# Tips for collecting sample of wee from 8 month old kitten...



## npage123 (4 January 2019)

Hi there all fellow cat-lovers 

Sorry I'm going to ramble on a bit but I would welcome any advice to my question in the subject line.

We haven't had our 8 month old kitten spayed yet, and she's either having a 'big' first season, because when she's using the litter tray, her urine is stained/tainted with watery blood - OR she's possibly got cystitits or something else...

I've only noticed this today in the litter tray after work, so will be booking her to see the vet tomorrow for an investigation.

She doesn't seem bothered/in pain at all, her eating and drinking is normal as well the amount of playing with the other cat.  She's not straining when she's weeing and I feel she's not using the litter tray any more than usual, as she's always liked a long drink from fresh water directly from the bathroom basin or the dog's large water bowel, or the kitty's own water fountain, so she's always had frequent visit to the litter tray same as before.  The only difference I've noticed it that she's cleaning her back end much more than usual.

So my guess is that the vet would initially want to feel for any enlarged kidneys or if she's been able to empty her bladder, and take a blood sample to see if there's any problems with her kidneys.  She'll probably also be able to confirm whether Tula is in season, or not.

I've also spotted on google that it could be complicated and more tricky to do a spaying when there's already bleeding (e.g. when the cat is having a season), and if it's cystitis, they need to go on a course of antibiotic tablets for four to six weeks!

I'm obviously just speculating with what I think would be the first treatment needed, but what if the vet wants a sample of urine?  She's quite a lively kitten and I think it's going to be really tricky to catch some urine in a small sample pot! I'll probably lift off the hoods to their litter trays for easier access for myself, and hover around the litter tray when she looks as if she's ready to do a wee, and then try and slide an old saucer covered in clingfilm (to keep the sample as clean as possible) underneath her as she's doing a wee, and then transfer it into the sample pot.  The vet will probably give her own advice, but have any of you had to do this and could you please give me tips on collecting the sample easily?

Thank you in advance!


----------



## SOS (5 January 2019)

If the vet needs a sample and she uses a litter tray they will probably sell you some Katkor. A small plastic, ball litter which allows the cat to feel like it is peeing on litter but is completely unabsorbant. The sample is then syringed into the tube. Urine samples are expected to have a degree of debris in, and this is accounted for when examining them.

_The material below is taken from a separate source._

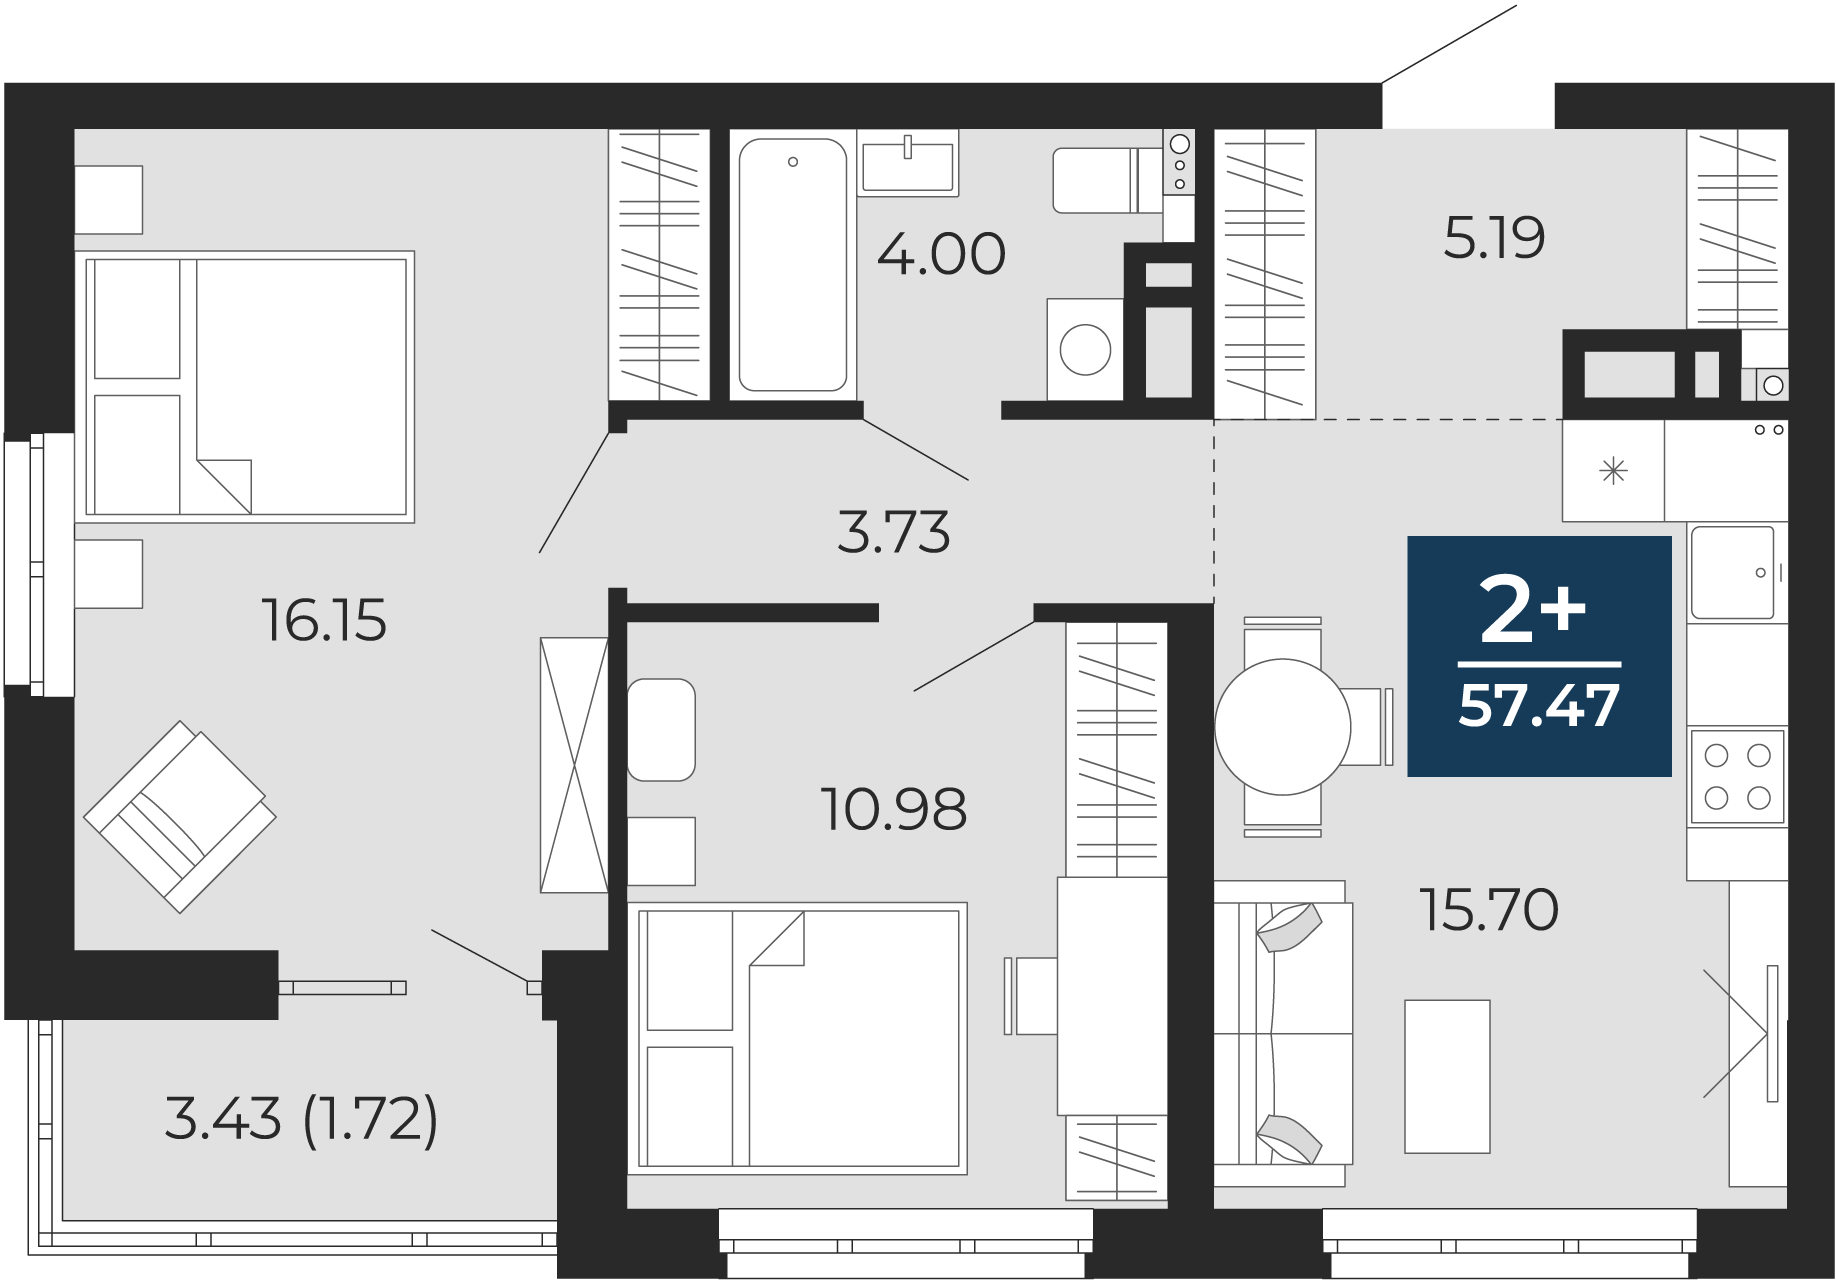 Квартира № 17, 2-комнатная, 57.47 кв. м, 3 этаж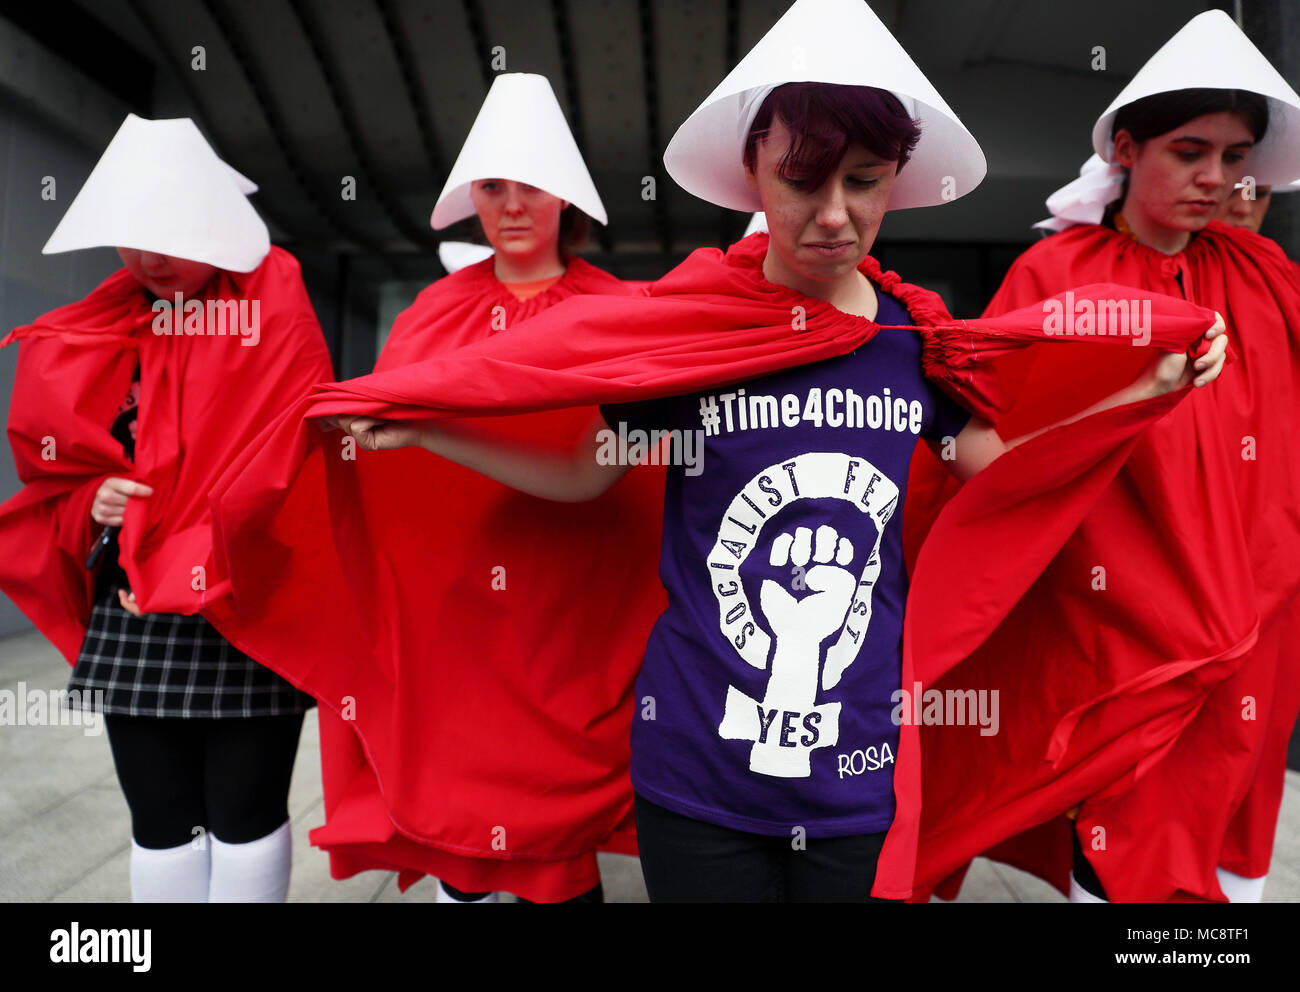 ROSA-AktivistInnen, die als "Handmaids" gekleidet waren, bei einer von Rosa - Socialist Feminist Movement organisierten Kundgebung für Gleichheit, Freiheit und Wahl in der Liberty Hall in Dublin. Stockfoto

The vets diagnosis/course of treatment may differ from google so I would avoid searching too much as it may cause unnecessary stress to yourself!


----------



## Pearlsasinger (5 January 2019)

I have had special cat litter from the vet for collecting a sample, in the past.  If you haven't seen the vet yet, perhaps speak to the receptionist to get some litter, so that you can take the sample on your first visit.


----------



## Umbongo (5 January 2019)

Cats don't bleed when in heat. Probably cystitis or a urinary tract infection. Would be very unusual for such a young cat to have kidney problems.
Signs of a cat being in season are vocalising more, howling for a mate and generally acting a bit loopy at home!
Get some katkor or another type of non-absorbable cat litter. Once she has urinated, you can collect a sample from the litter tray. The special cat litter comes with a pipette and sample pot.


----------



## npage123 (5 January 2019)

Thank you very much, all three of you, for your input! You are all 100% correct.  The vet agreed that it won't be her being in heat that's causing this bleeding.  She has given me good old metacam to use for a few days and to assess if things improve or not regarding the bleeding.  Interestingly she said occasionally it could be something that has changed in a cat's environment, or something that has caused them stress, to lead to this bleeding.  She did give me the option of buying the special non-absorbable cat litter and pipette/syringe today, or to see how it goes and come and collect it after a few days if there's no improvement.  As I live very close to the veterinary surgery, I said I'll collect the necessary stuff within a few days if it's necessary.  With the sample they'll be able to ascertain whether it's a bacterial infection or cystitis.  I'm so glad that there's something like Katkor available - I honestly don't think I would have been able to 'catch' any samples while she's in the act of urinating!


----------



## SOS (6 January 2019)

npage123 said:



			I'm so glad that there's something like Katkor available - I honestly don't think I would have been able to 'catch' any samples while she's in the act of urinating!
		
Click to expand...

Yes leave that to us professionals Thankfully most cats will go urinate on non absorbable litter but some dogs are smaller than cats now and getting non-invasive samples can be difficult. If you ever have to free catch a urine sample, wear gloves and remove the container BEFORE they finish if not they are very good at knocking it all out of your hand!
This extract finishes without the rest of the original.